- PROBLEM DESCRIPTION
Look below for the lines from the one with "20pcs bronze necklace" to the one with "Forbidden City temple", and copy exactly those lines, both ends included.

- GIVEN DATA
------------------------------------------------

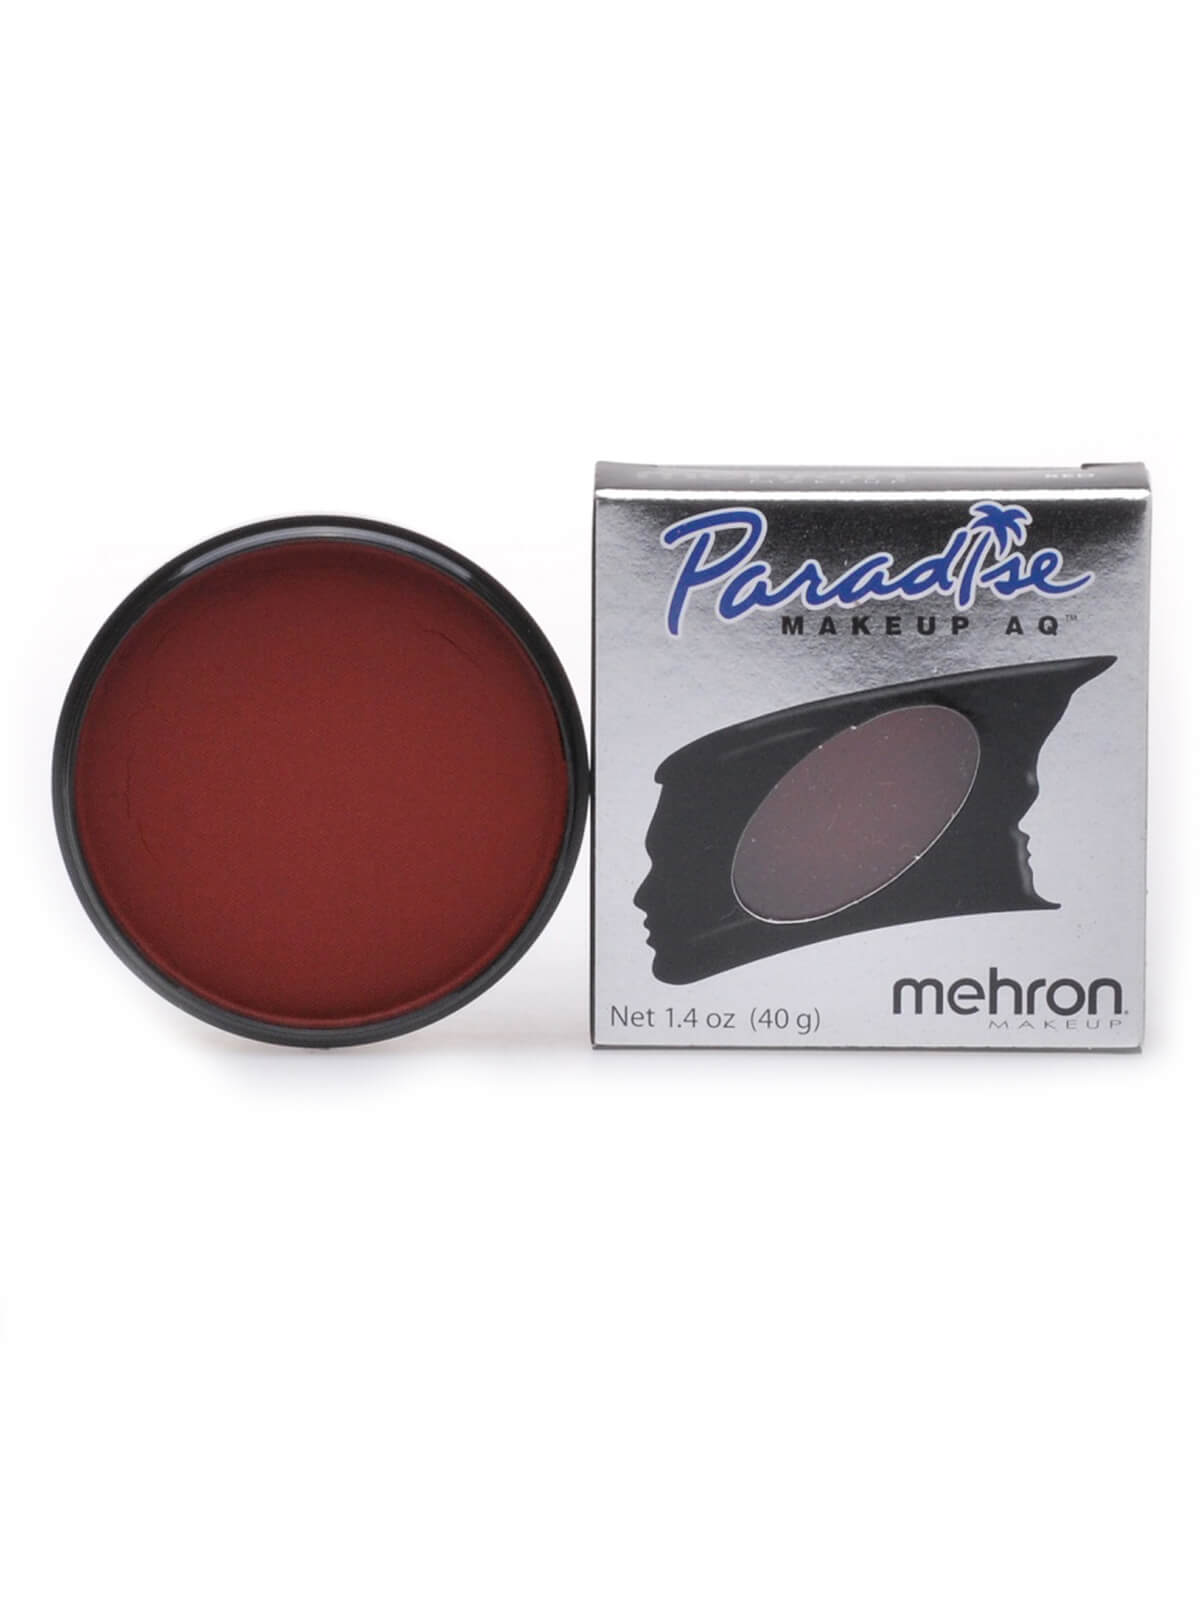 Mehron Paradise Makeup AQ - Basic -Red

------------------------------------------------

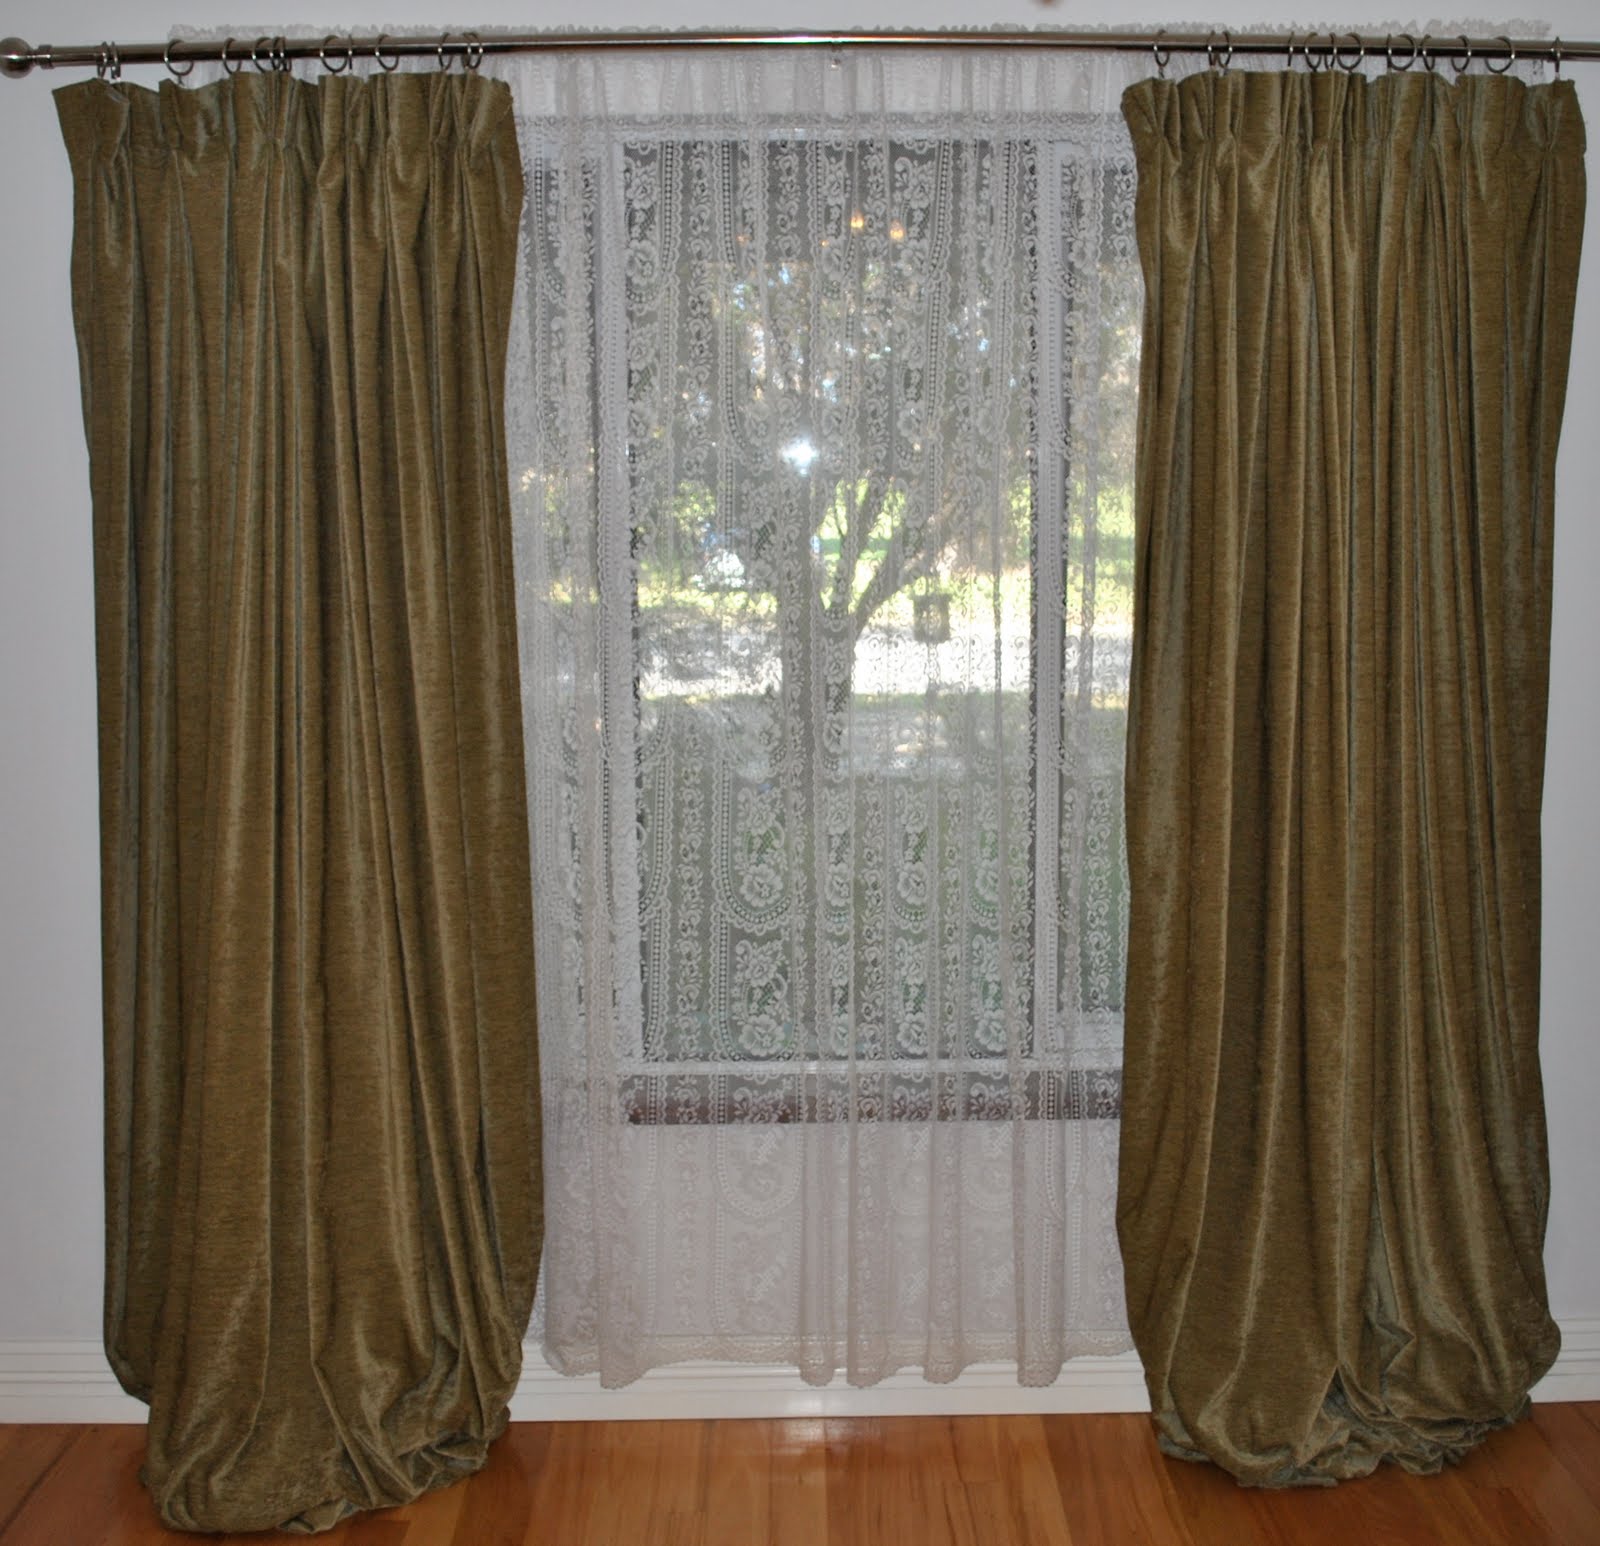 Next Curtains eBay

------------------------------------------------

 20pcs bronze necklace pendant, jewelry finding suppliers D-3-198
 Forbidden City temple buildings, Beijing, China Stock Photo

------------------------------------------------

- TASK RESULT
 20pcs bronze necklace pendant, jewelry finding suppliers D-3-198
 Forbidden City temple buildings, Beijing, China Stock Photo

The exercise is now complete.